Open mthaddon opened 2 years ago
@mthaddon I don't know much (anything :-) about Prometheus endpoint formats: can you briefly describe what it would look like for this endpoint to be Prometheus compatible?
This feels like something @simskij might have opinions on...
This would be really useful. I've not had a look at what is already there yet, so I'll refrain from having an opinion on the current implementation for now.
However, the Prometheus Exposition Format is a very basic and extremely stable specification. In its simplest form, exposed metric consists of a metric name, optionally a set of labels and then a numeric value. The parts are separated eith a single space and entries are separated with a newline.
The spec for the exposition format is available here.
A basic one could look like:
pebble_status{instance="something", check="some-check"} 1
Where 1 is a boolean value
Okay, so we'd expose an HTTP endpoint, /v1/metrics
or similar, with some metrics about health checks (and potentially other Pebble things) in that format. One consideration is security: we intentionally reduced the /v1/health
endpoint down to just the "healthy: true" result to avoid exposing any additional information over this unauthenticated HTTP endpoint. Specifically, we wanted to avoid exposing the details of all the health checks. Any thoughts about whether that's a real issue?
Any thoughts about whether that's a real issue?
Yeah, this would open up for potential fingerprinting of the services. This could be solved by adding basic auth to the metrics endpoint and allowing the charm to access these credentials somehow. We currently lack the support for scrape job authentication in the Prometheus charm (or at least it hasn't been thoroughly tested), but that would be fairly trivial to support.
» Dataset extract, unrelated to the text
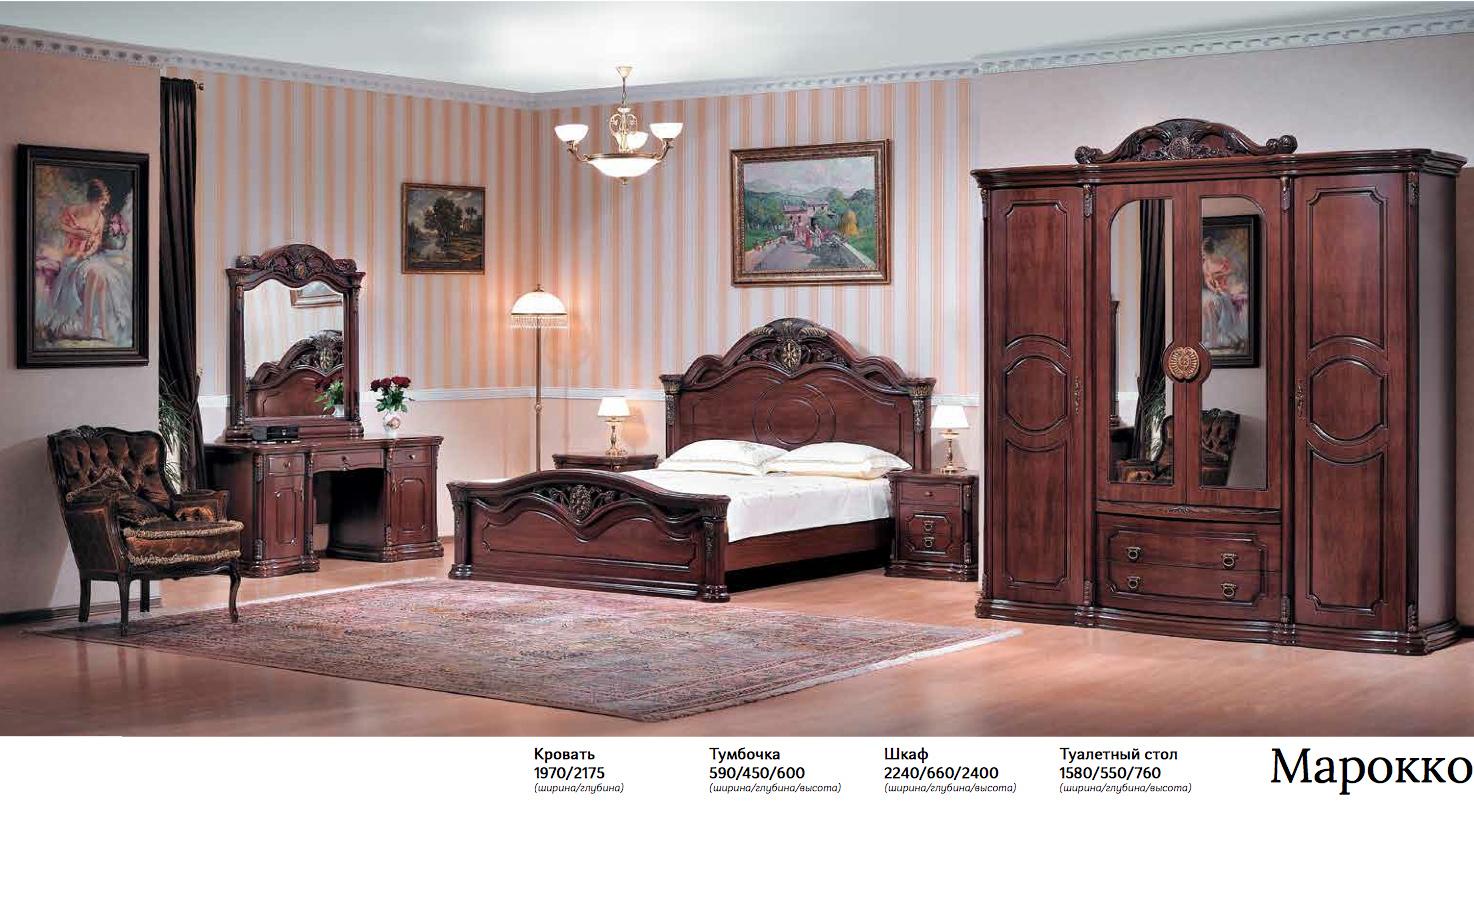 Юг мебель ставрополь каталог фото

One considering is security: we intentionally reduced the /v1/health endpoint down to just the "healthy: true"
I wouldn't alter it. Adding /v1/metrics
sounds like a better game plan in that case as it closer matches the data it would expose.
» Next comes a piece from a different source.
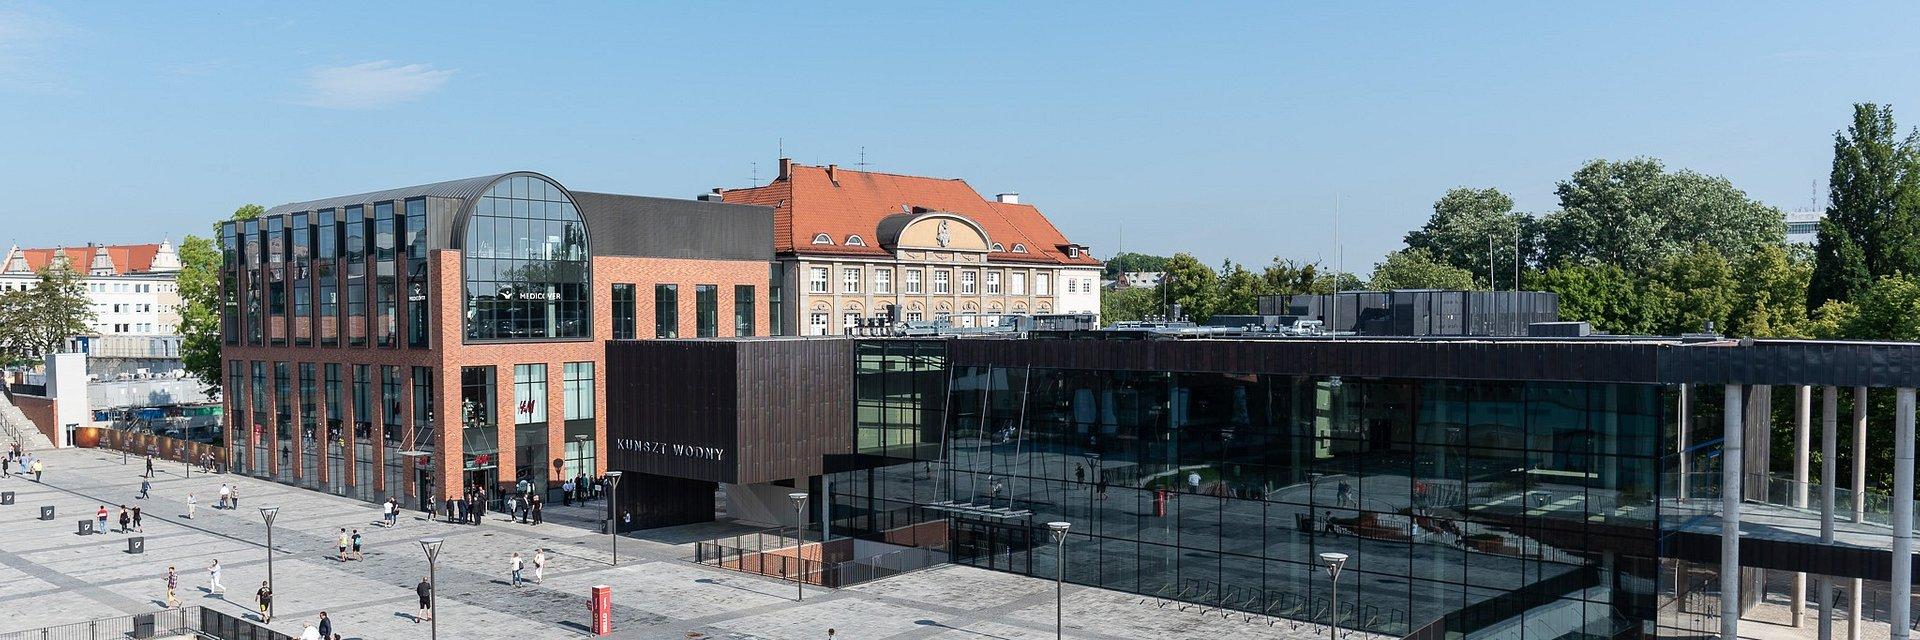 Medicover Polska inwestuje w nowe placówki w Trójmieście

guys have you got any updates on this issue? any help that can be given on this?
our use case is that we wanna monitor the status of our app(s) across restarts
Happy to lend a hand on it
I think given that Pebble is used across a bunch of projects now, we'd need a spec for this (and auth sounds like it might take a bit of thinking about). I like the idea, but don't have bandwidth right this cycle to spec and implement this. @shipperizer Would you be willing to create a spec for it? Proposal for /v1/metrics
HTTP endpoint, what's it returns, discussion of auth, and so on.
@benhoyt can give it a crack, hopefully
a couple of considerations are:
if those points above are good enough I will cut some time to work on it next pulse
If basic auth is what Prometheus supports, then yeah, we'll need to use that (the tricky design thing will be how to configure/get credentials).
I'd be thinking something more along the lines of pebble_service{name="srv1"} 1
and pebble_check{name="chk1"} 0
would be more like it. But I'm not very familiar with how these types of things are done in Prometheus metrics endpoints normally. @simskij will have ideas (he's posted one above too).
Given the design considerations above, I still think we need a formal spec and spec review meeting with a few invested players (Simon, Gustavo, me at least). So probably don't start on implementation until you have a spec semi-approved.
@benhoyt agreed, will try to get the specs in the next pulse
specs shared internally
@shipperizer I forget -- where did we get to with this?
@shipperizer anywhere unfortunately, i lost track of it, spec is somewhere in my drive, can dig it out and we can have another chat about it
As documented in https://juju.is/docs/sdk/pebble#heading--check-health-endpoint-and-probes:
""" As of Juju version 2.9.26, Pebble includes an HTTP
/v1/health
endpoint that allows a user to query the health of configured checks, optionally filtered by check level with the query string?level=<level>
. This endpoint returns an HTTP 200 status if the checks are healthy, HTTP 502 otherwise. """It would be great if there was an option to expose this in a format that prometheus could ingest. If so, we could easily integrate charms with COS by configuring them to hit this pebble endpoint and ingest the data exposed there.